Nous reviendrons dans le prochain Courrier sur toutes les questions que Robert Steichen n’a pas manqué de poser à propos du sens de ses vagabondages « scientifiques » et de la portée de son travail anthropologique. « Comment [par exemple] passer des informations à la construction de données transmissibles ? Comment [par ailleurs] regarder, lire, entendre, comprendre ces objets venus d’autres cultures ? S’agit-il des derniers restes de sociétés en voie de disparition ? Simples objets de curiosité bons pour la décoration, objets didactiques et folkloriques, témoignages de sociétés en souffrance ? Ou alors objets utilitaires toujours en usage, œuvres d’art et d’artisanat avec une recherche esthétique, marqueurs identitaires qui s’imposent dans une stratégie de visibilité des dites minorités ethniques, témoignages de vitalité de peuples autochtones réclamant leur droit à une place dans les états nations ? »

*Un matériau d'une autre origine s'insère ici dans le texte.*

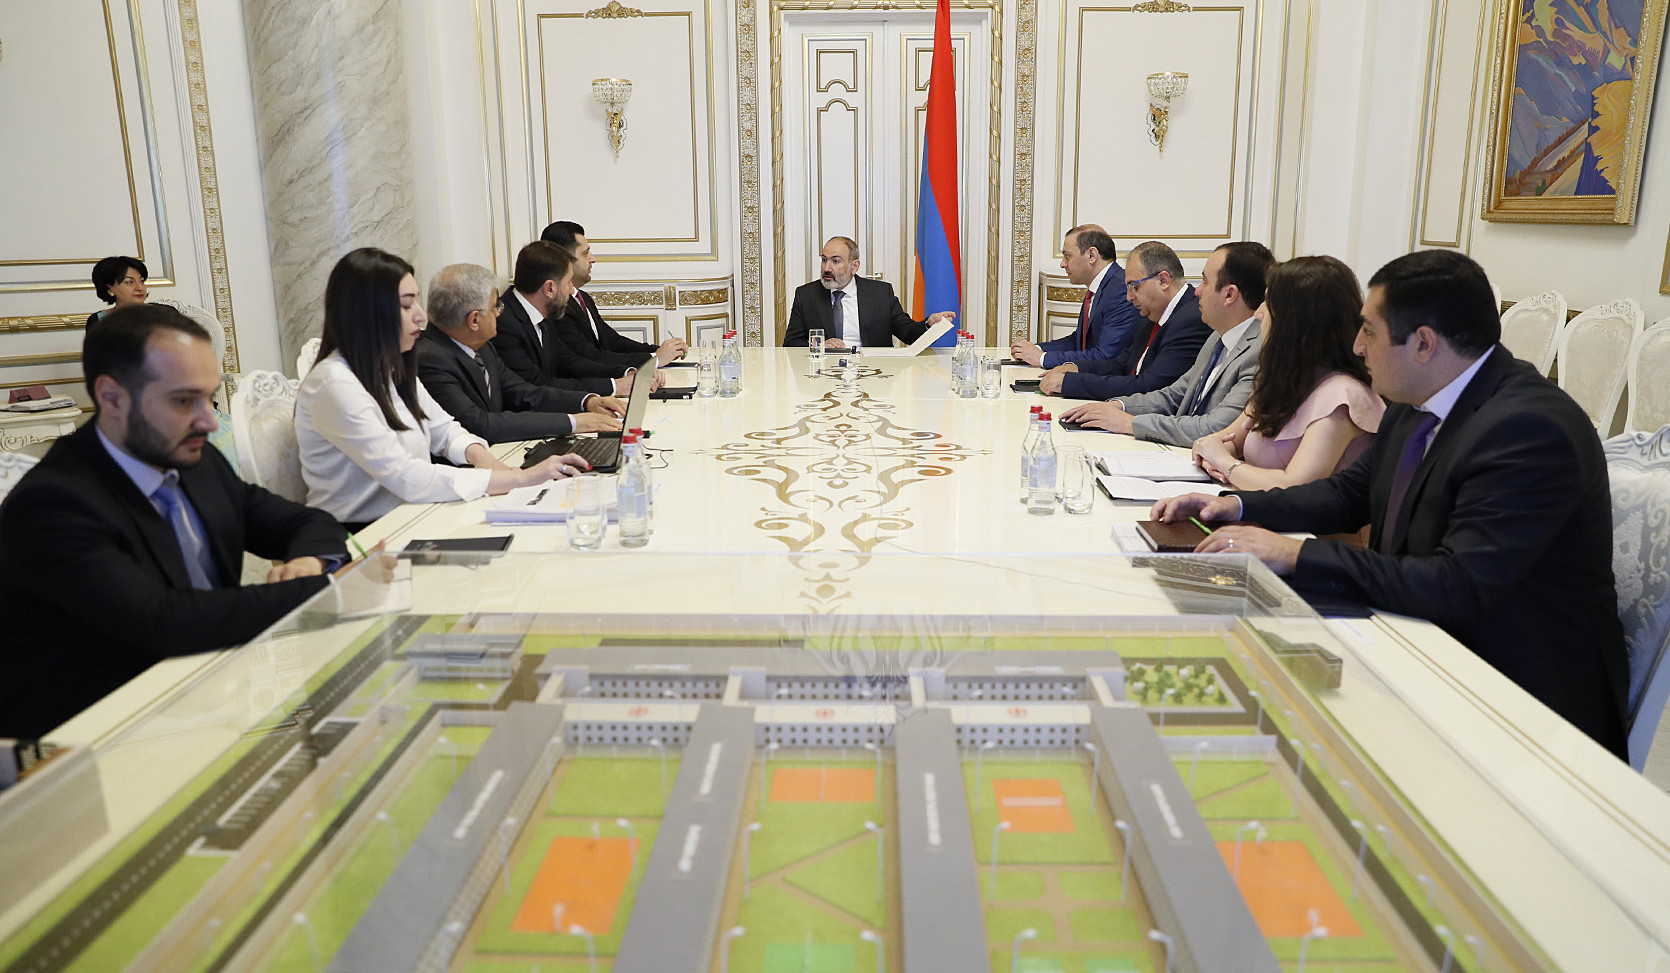 In the context of judicial-legal reforms, the new model of the penitentiary institutions was discussed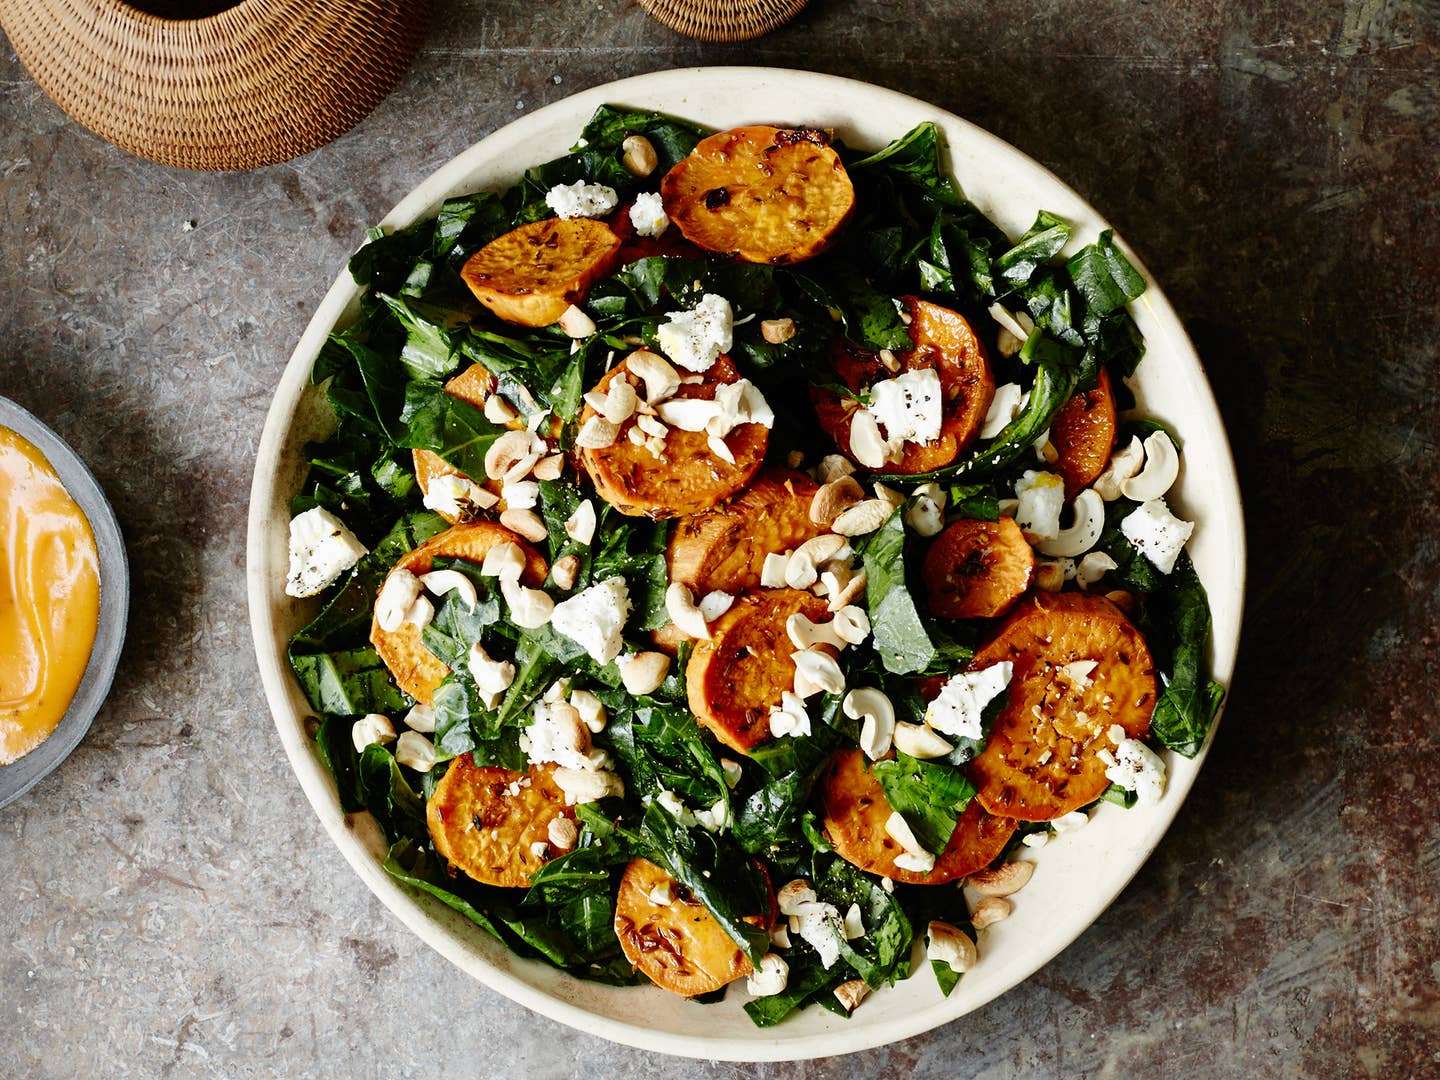 Shredded Collard Green Salad with Roasted Sweet Potatoes and Cashews

Les voyages de Robert Steichen et la collection qui les double n’ont cessé de répondre « avant tout à la nécessité vitale d’être étonné et de comprendre, comme on le peut, les questions têtues et parfois obsessionnelles de la réalité humaine et de l’identité de chacun. » Quelles sont les préoccupations de la vie? « La vie humaine, qui en tant que processus biologique n’a pas de sens humain car son seul objectif est la propagation de la vie anonyme, doit trouver un sens ailleurs. Ce sont les hommes qui se construisent un sens dans la mesure de leurs moyens et à leur propre usage. »

Et lorsque Robert Steichen dit de Claire qu’elle est la femme de sa vie, c’est de cette vie qui va et qui est partout, qui ignore les frontières et qui veut conjoindre ce que les conventions répartissent en cases séparées dont il parle.